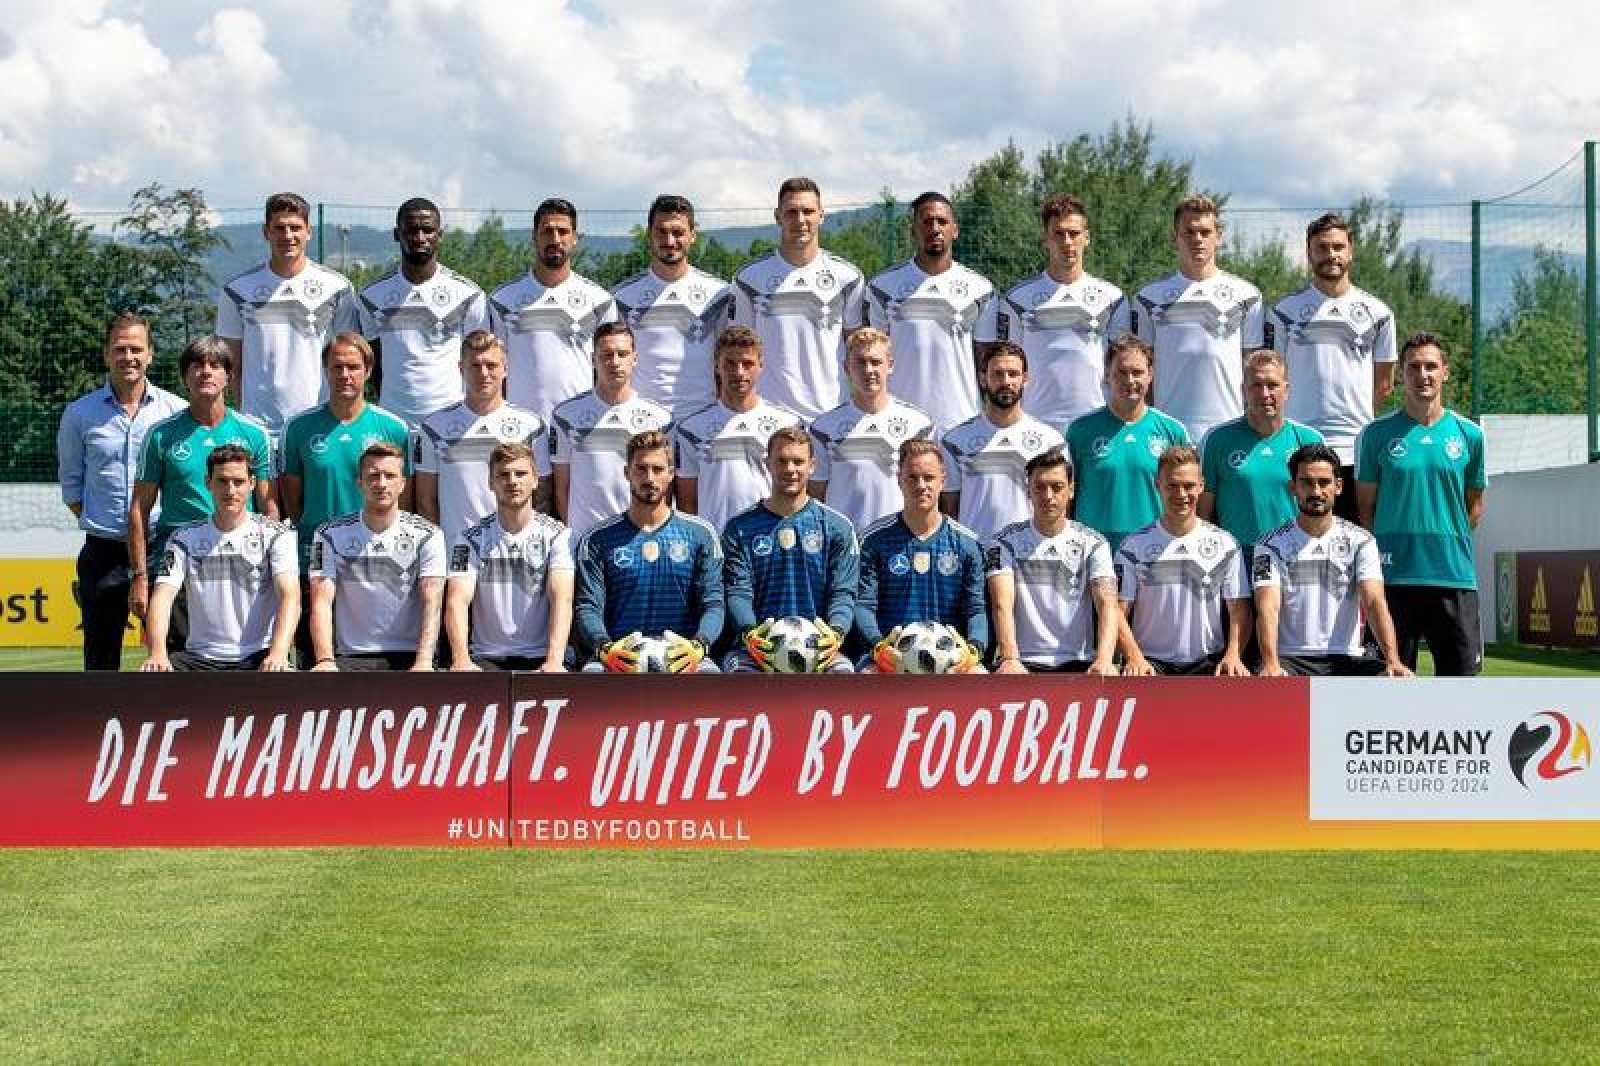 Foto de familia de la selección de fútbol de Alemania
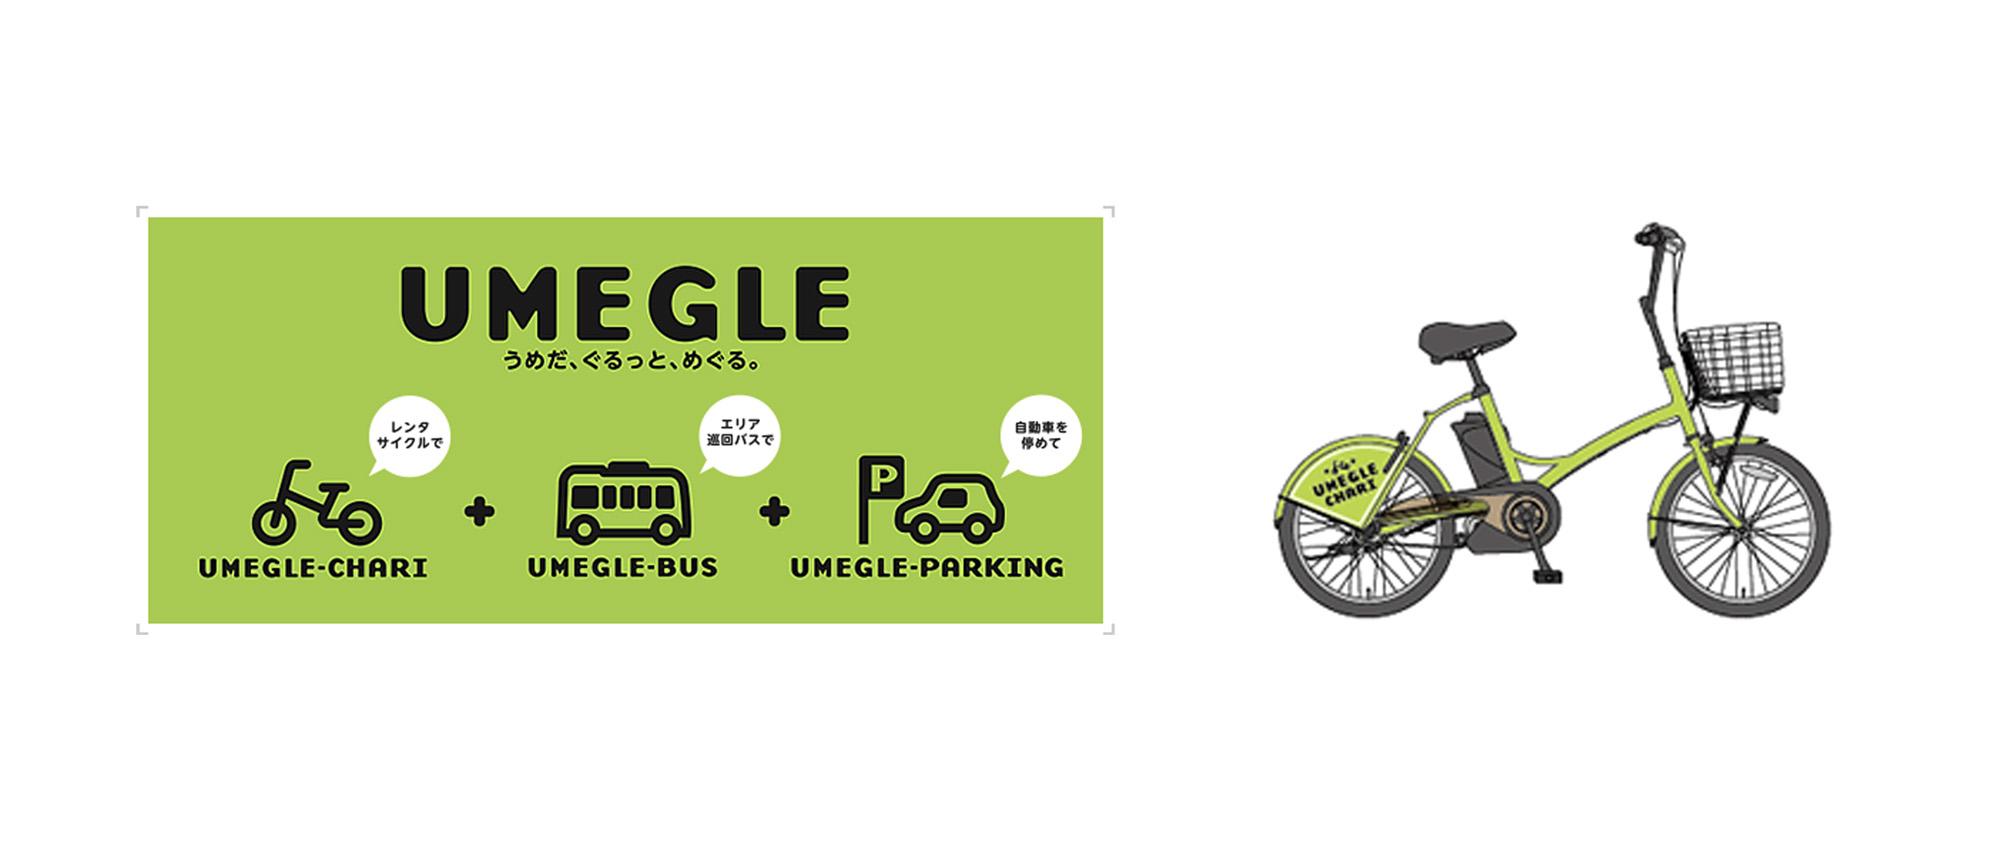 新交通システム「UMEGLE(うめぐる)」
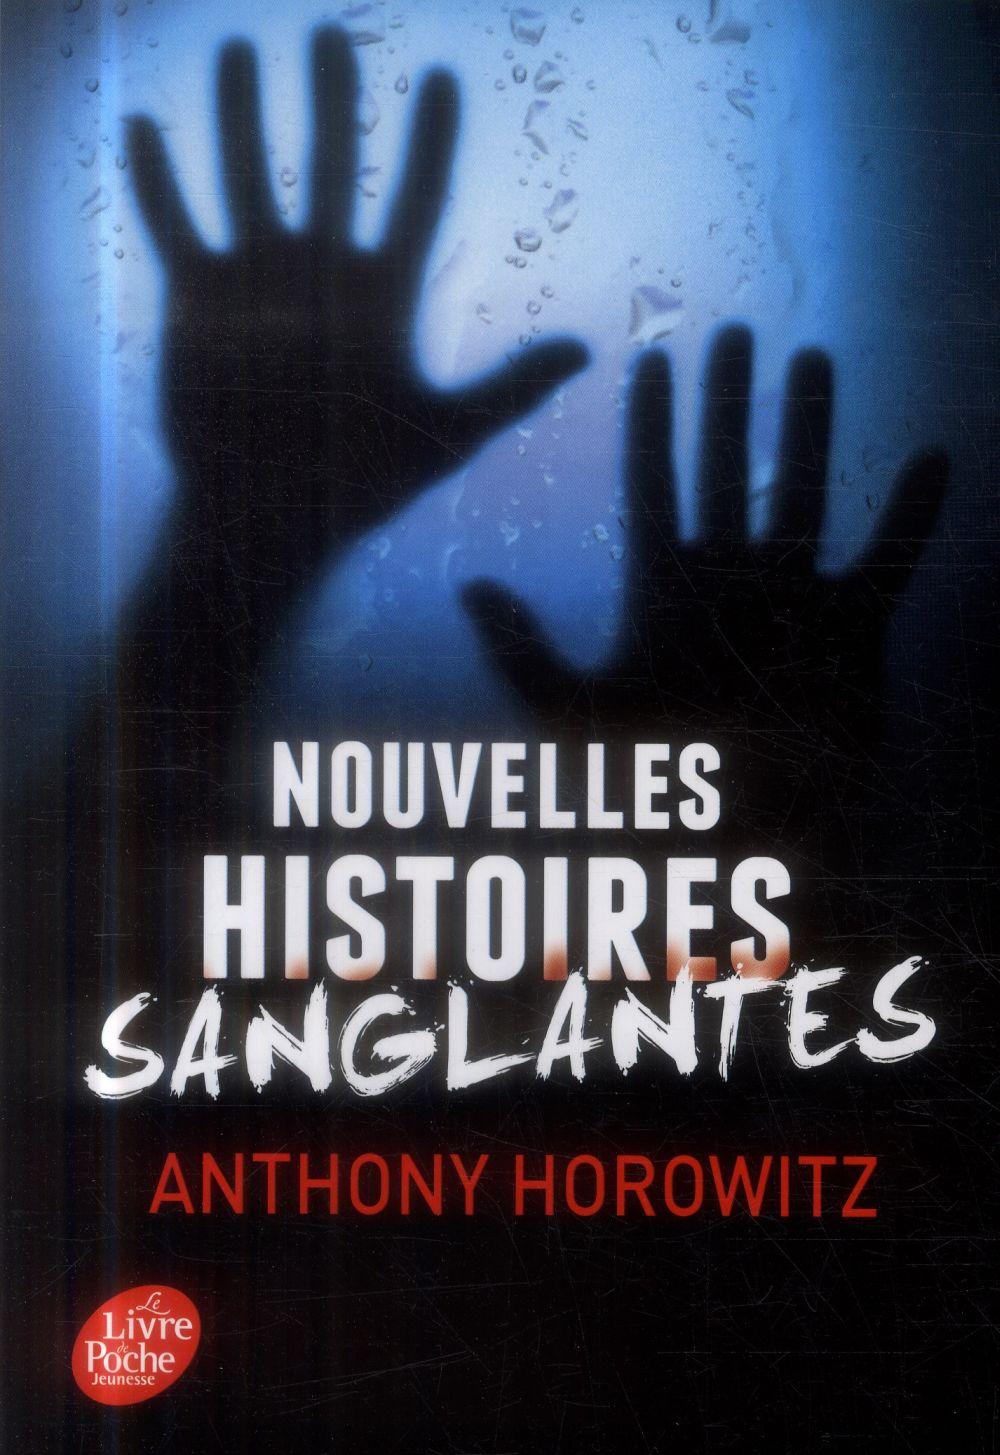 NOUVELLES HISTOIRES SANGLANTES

+ + + +

# Task to complete
Only the lines from the one with "新交通システム「UMEGLE(うめぐる)」" to the last line of the listing, inclusive, are to be set down, exactly as they stand and without pictures.

# Your solution
 新交通システム「UMEGLE(うめぐる)」
 NOUVELLES HISTOIRES SANGLANTES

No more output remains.